I don't know if the XT controller can access the drive properly later from OS if it starts with 1701 err code
The only time I (vaguely) recall seeing that happen was when the "1701" error was caused by the controller incorrectly looking for a second hard drive.

I would expect that if the controller could not get the geometry information from the drive, then it would be impossible for BIOS to access the drive.

Now, if one were to attach an identical good drive during boot, and then switch to the bad drive, (only applicable to MFM/RLL drives) I would expect it to provide access to any undamaged areas - *IF* the damaged hard drive is entering the "ready" state at spin-up.
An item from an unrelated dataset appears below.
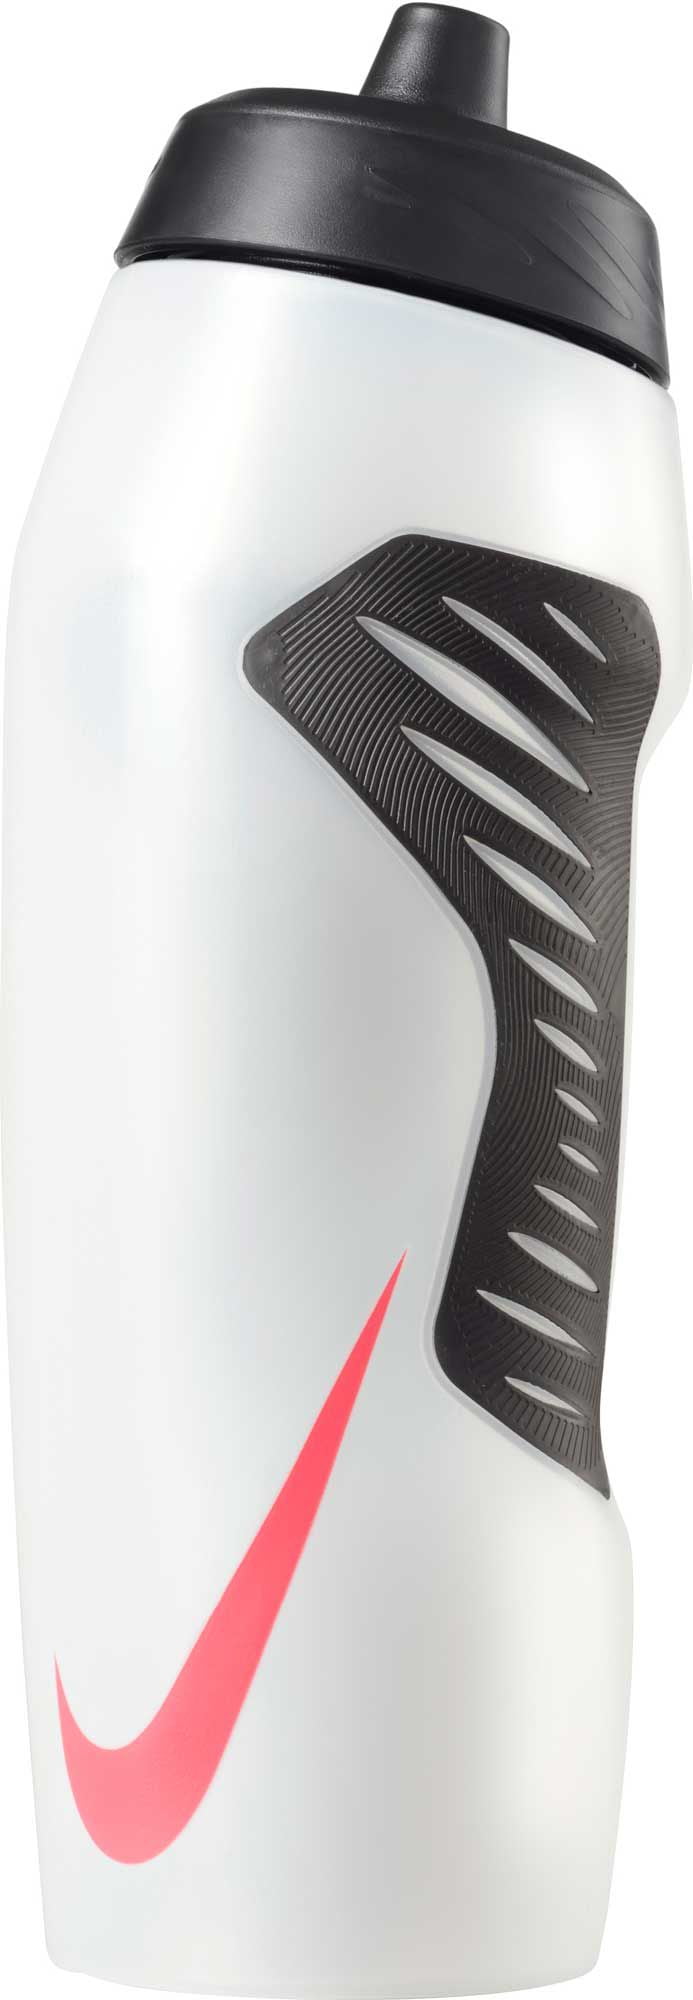 Nike Hyperfuel oz. Squeeze Water Bottle - Walmart.com

From my own experience, damaged MFM/RLL hard drives will fail to enter the "ready" state if the drive's logic board is damaged, or the heads can not seek. That makes it completely impossible to read data from the drive, no matter what the controller card does.
 
I think its time to get this to a data recovery expert. Messing with the drive is likely to destroy any remaining data, especially if there has been a head crash and there are bits of oxide floating round inside the drive. These get stuck under the head and remove more oxide. The effect is then like an avalanche as more is removed there gets to be more oxide snow in the drive and so more oxide is removed. A good data recovery shop can open the drive in a clean room and check for this before attempting recovery.
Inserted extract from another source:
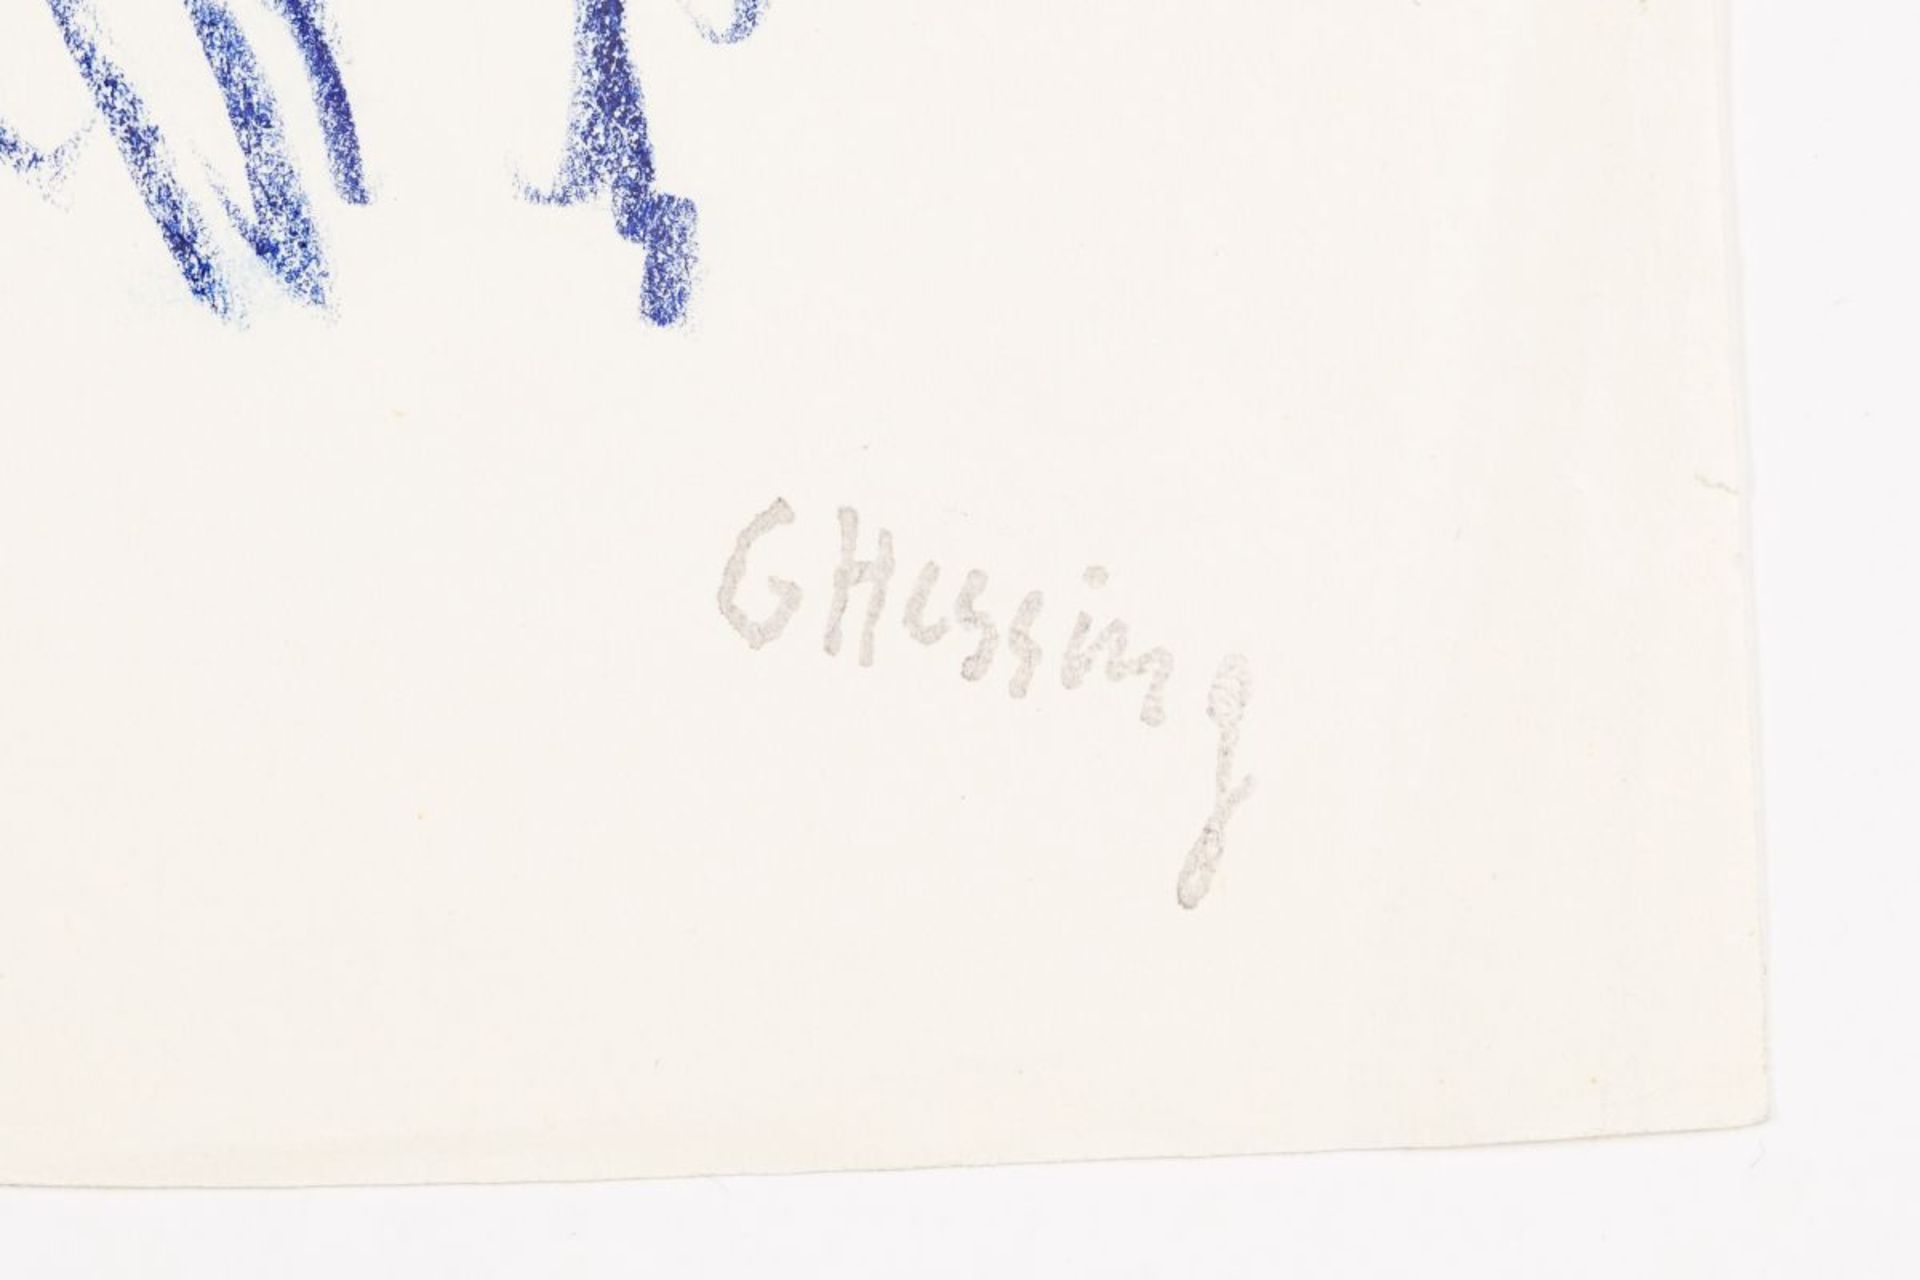 Hessing Gustav , Gunsam Karl Josef - Image 11 of 21

A 1701 is almost certainly a drive error, either its not spinning up to speed or the head isn't unlocking.
 
Do you think anywhere has the hardware to effect recovery of MFM drives now? (I don't know the answer to that btw, it's not meant sarcastically!)
 
The problem is that i do not own a more recent computer that supports the western digital filecard i have tested it on a K6 boad tha has an isa slot but the computer hangs at bios startup screen (may some bad irq interaction with the graphic card)
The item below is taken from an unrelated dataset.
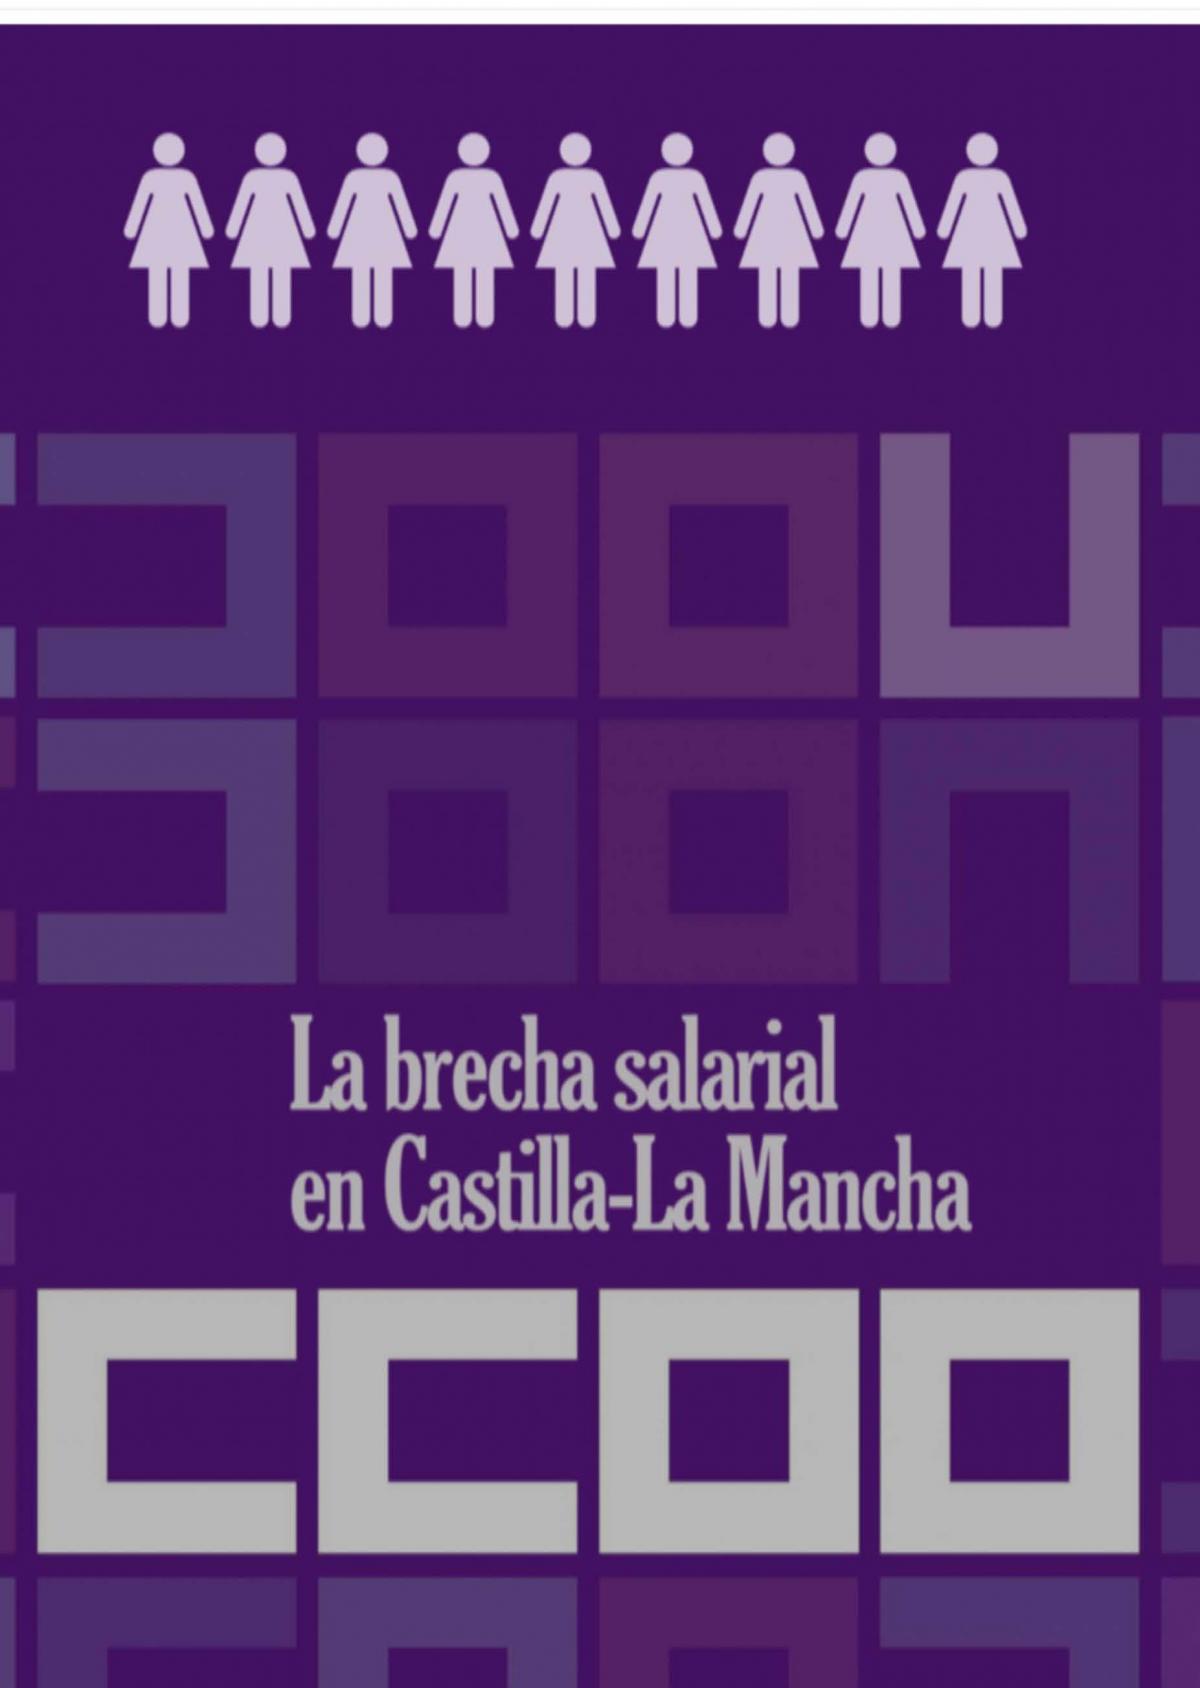 "La brecha salarial en Castilla-La Mancha".

Did you disable the bios (jumper w3) on the WD1002-27X when you put it in the k6 board? The WD1002-27X is a dual XT/AT card that should work in at systems, although the K6 system is likely to be more problematic than say a 386.

If you disable the bios on the WD1002-27X, you will need to configure the settings for the HDD in the motherboard bios for most utilities to be able to do anything. Try using one of the previous utilities mentioned to "access" the drive. Not too familiar with them, i used to use a program called FXPREP.EXE (i think, long time ago). You could enter the drive parms then do a LLF, but you could also open the drive in a hex editor. I think Norton can do something similar. If you can get this far, then imaging the drive, should be possible.

Now I'm not entirely sure that accessing the drive like this is going to produce meaningful output, as the correct procedure probably requires the drive to be low level formatted by the AT bios. But you should hopefully be able to see there is something on the drive. The heads should be able to read what there even if its garbled.

BTW if you do manage to access the bios on the WD1002-27X it is a bit gung-ho, if your used to later stuff be careful. The manual is here: www.coleskingdom.com/files/WD1002.TXT. Link is dead for me , but if you past it into google, you can read it in the cache.